I checked the page properties (right click→page info) , and it says the page is in UTF-8. I've pasted this bit of code into the page, and it outputs utf-8: <cfset theEncoding = getEncoding("URL")><cfoutput>#theEncoding#</cfoutput>

What more could possibly need to be done for this to be output by the browser as true UTF-8?

    This topic has been closed for replies.

    1 reply

    Inspiring
    August 28, 2010

    uh, the database & its driver?

    btw unless your CFC are really outputting something teh cfcontent, etc isn't needed.

    Known Participant
    August 30, 2010

    These are pages that aren't running through a database, though.

    Here is another nifty little bit that I found out that might clear some things up a bit and get to the source of the problem.

    If I put <cfprocessingdirective pageEncoding="utf-8"> at the top of my CFM pages, everything works out. The special characters show up fine. This feels like a pretty big kludge, though. I don't want to have to put this at the top of every single one of my pages. I'm told the server should be able to handle it all without relying on a page-by-page encoding declaration.

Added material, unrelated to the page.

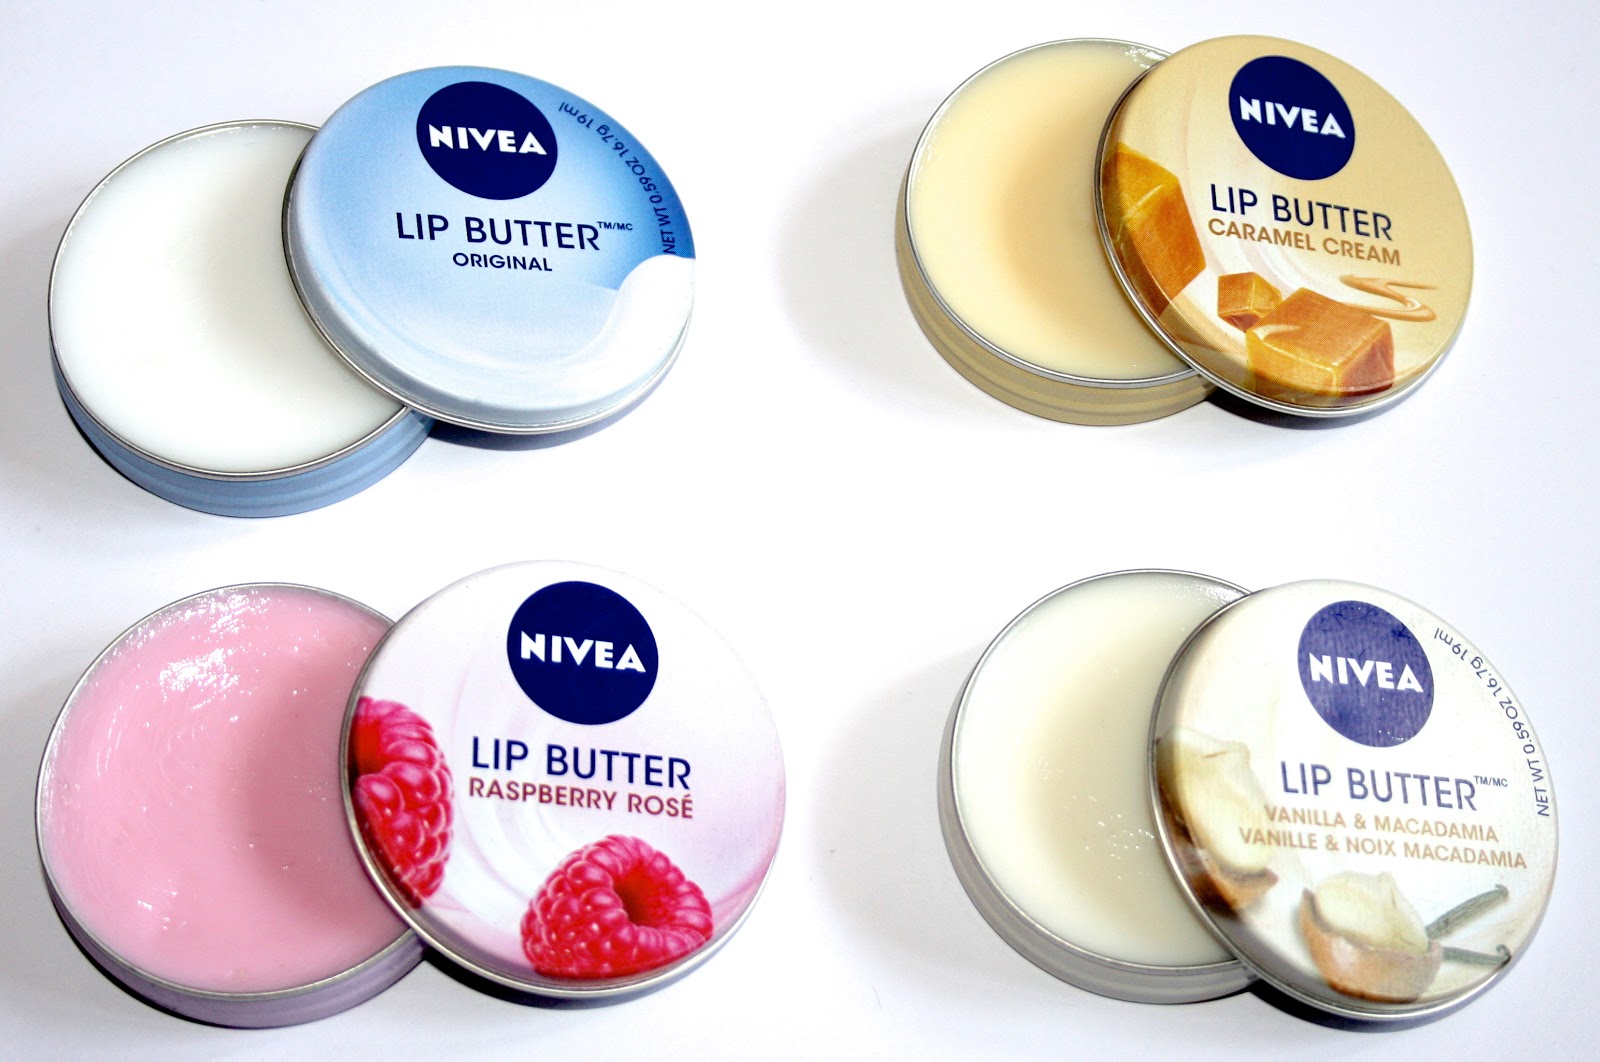 Son dưỡng Nivea Lip Butter có 4 loại hương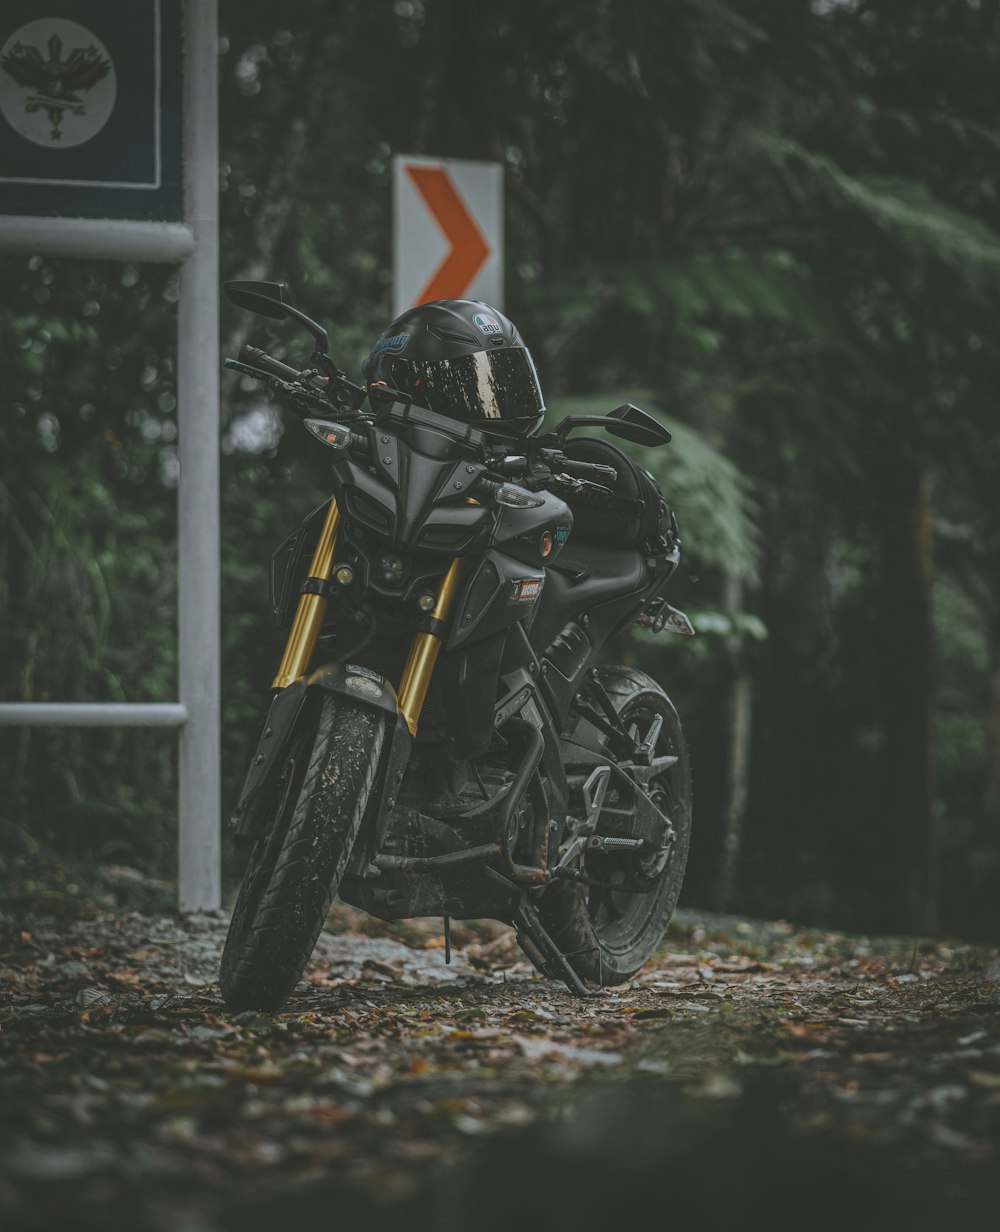 motocicleta preta estacionada ao lado do poste cinza

    So, why would application.cfc not be rendering the page corretly where cfprocessingdirective does?

    Inspiring
    August 30, 2010

    actually using cfprocessingdirective is considered a good practice. if you're

    not using this tag & you're getting mojibake, then for sure your text isn't

    properly/fully encoded as UTF-8. either as plain text or from your db.

    or perhaps the server's default encoding (UTF-8) been changed?

    if some of your text is being copied from word (the smart quotes say the answer

    to this is probably "yes") then a browser often can't figure out the page's

    encoding on it's own (latin-1 text with a sprinkling of word's "funny" chars

    which could be unicode). including the cfprocessingdirective tag forces cf to

    use that encoding. this is a compile time thing.

    you can gain the same thing by using a BOM but for utf-8 it's entirely optional

    (and pretty much useless for it's intended purpose, by definition utf-8 only has

    the one order). and some editors don't like it (for instance eclipse from it's

    java roots i guess).